The indictment handed up a grand jury last week and unsealed Tuesday afternoon lists 34 felony counts of falsifying business records. An accompanying “statement of facts” lays out a chronology of the plan by Trump, his then-lawyer Michael Cohen and David Pecker, publisher of the supermarket tabloid National Enquirer, to quash negative stories about Trump that could emerge before the 2016 election.

As part of that, the tabloid paid $150,000 to former Playboy model Karen McDougal to buy exclusive rights to her story about an affair she said she had with Trump, and Cohen paid $130,000 to adult film star Stormy Daniels to buy her silence about an affair with Trump.

The payment to Daniels came in the final days of the 2016 campaign, after Trump had already been damaged by the revelation of a video in which boasted of his ability to grab women by the genitals. Trump wound up winning the election by just 77,744 votes across three states ― making it possible that had the Daniels story emerged, it could have swung the result.

The reimbursement to Cohen was disguised as payments for legal services, even though Cohen had not done any legal work in that time period, giving rise to the records falsification charges.
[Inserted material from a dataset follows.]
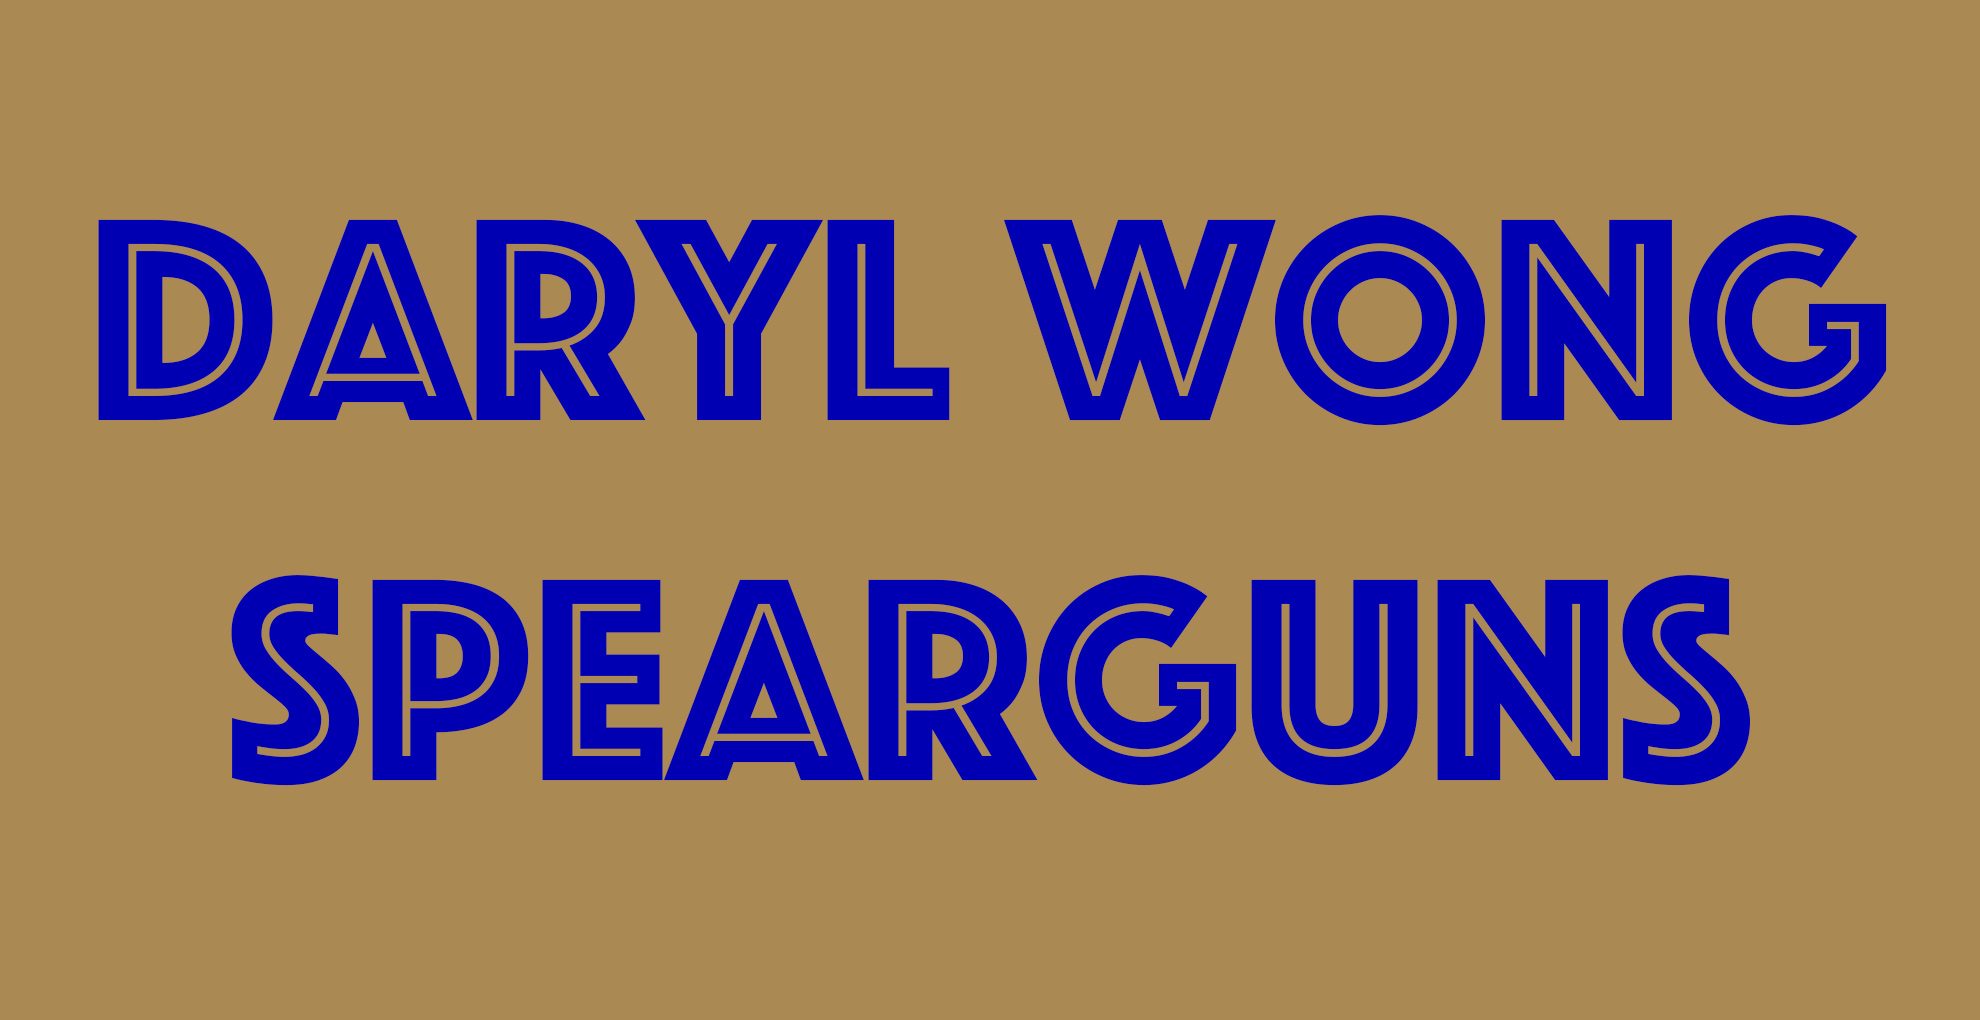 Daryl Wong Spearguns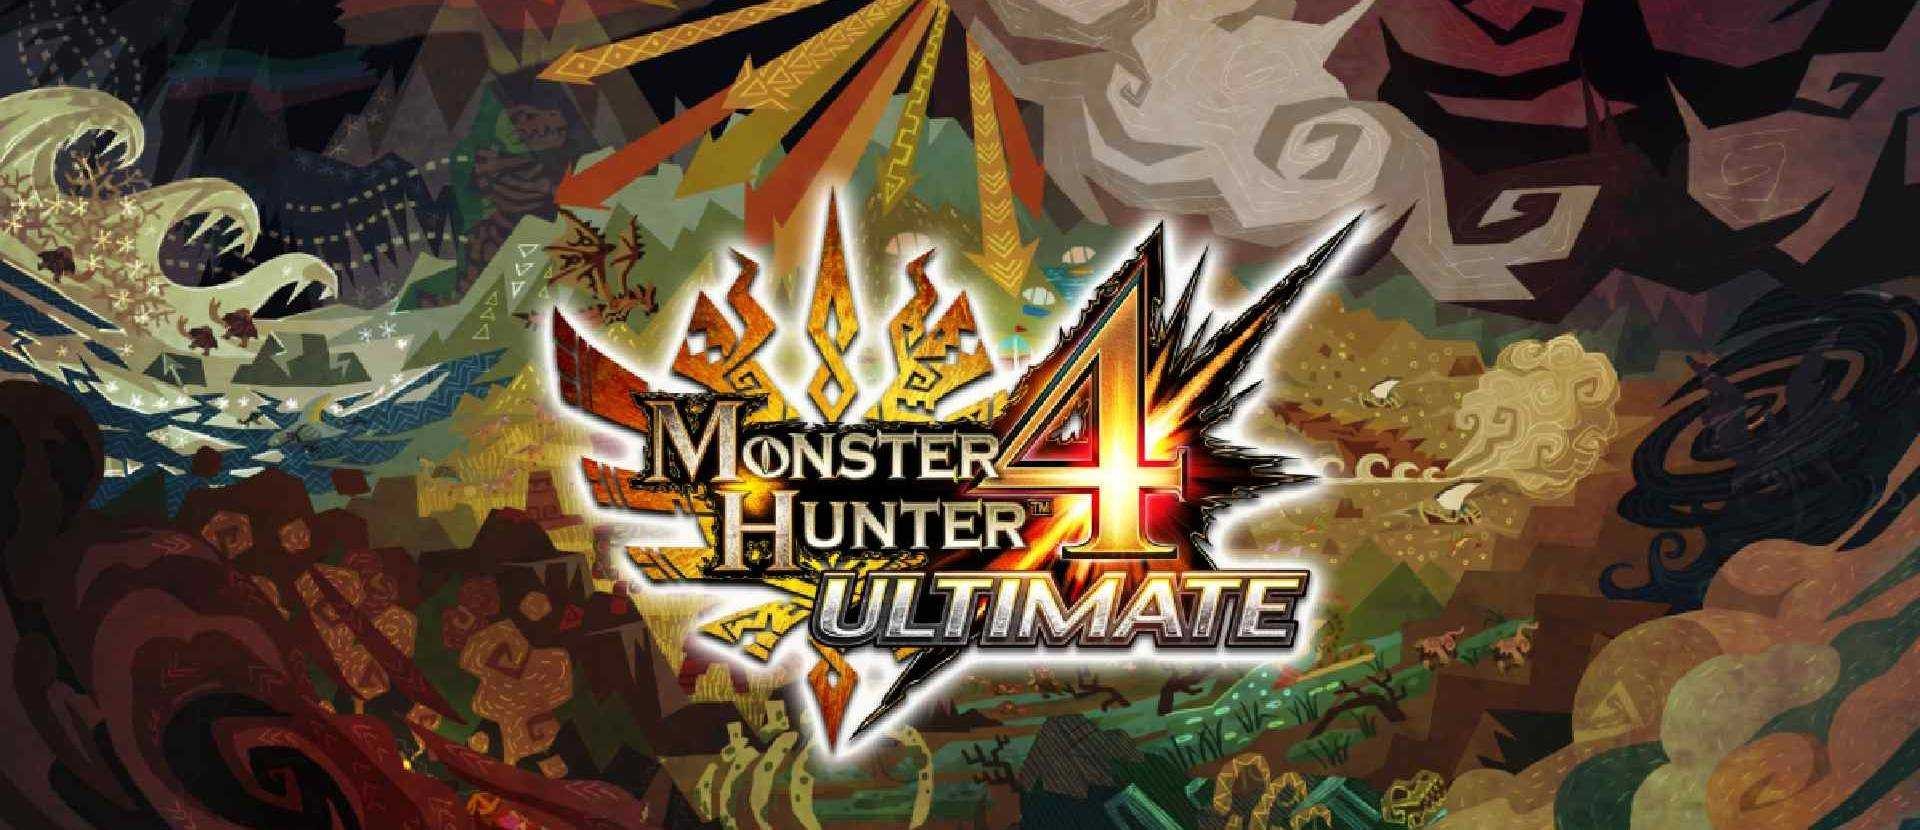 50-sac-thai-trong-monster-hunter-4-ultimate

In all, there were 11 payments to Cohen, from February through December of 2017.

A year later, Cohen pleaded guilty to a federal charge of violating campaign finance laws, and Pecker admitted his role in a non-prosecution agreement.

Both men testified before the New York City grand jury that indicted Trump.

Former President Trump leaves Trump Tower for Manhattan Criminal Court on Tuesday. Trump was booked and arraigned on 34 felony counts related to hush money payments made during his 2016 campaign.
Former President Trump leaves Trump Tower for Manhattan Criminal Court on Tuesday. Trump was booked and arraigned on 34 felony counts related to hush money payments made during his 2016 campaign.
Corey Sipkin/Associated Press

Trump’s aides had told some reporters that he would speak to reporters both before and after his court appearance in lower Manhattan earlier in the day, but he came and went without saying a word.

On the flight back to Florida on Tuesday afternoon, Trump again attacked Bragg and claimed he had done nothing wrong with his “totally legal $130,000 NDA,” or nondisclosure agreement.

Previously, he has called Bragg, who is Black, a “racist” beneficiary of liberal philanthropist George Soros and has warned of “death & destruction” if the case against him continues.

Trump delivered what has become a typical grievance-filled speech of late, spending 25 minutes lying about the 2020 election having been stolen from him through “millions” of illegal votes, complaining about the various investigations he has faced, attacking other prosecutors who are investigating him and generally claiming that he is being unfairly treated.

The New York case, though, is potentially the least of Trump’s troubles. A prosecutor in Fulton County, Georgia, is examining Trump’s attempts to coerce state officials to reverse Trump’s 2020 loss to Democrat Joe Biden in that state. The U.S. Department of Justice, meanwhile, is investigating Trump’s actions leading up to and on Jan. 6, 2021, when his coup attempt to remain in power led to a violent assault on the U.S. Capitol by a mob of his followers. The DOJ is separately looking at Trump’s refusal to turn over top-secret White House documents he retained in defiance of a subpoena.

All of those other investigations involve serious felonies that could lead to prison sentences of up to 20 years.

Despite all the criminal probes, though, Trump is running for the presidency again and leads in most polls of the 2024 race for the Republican nomination.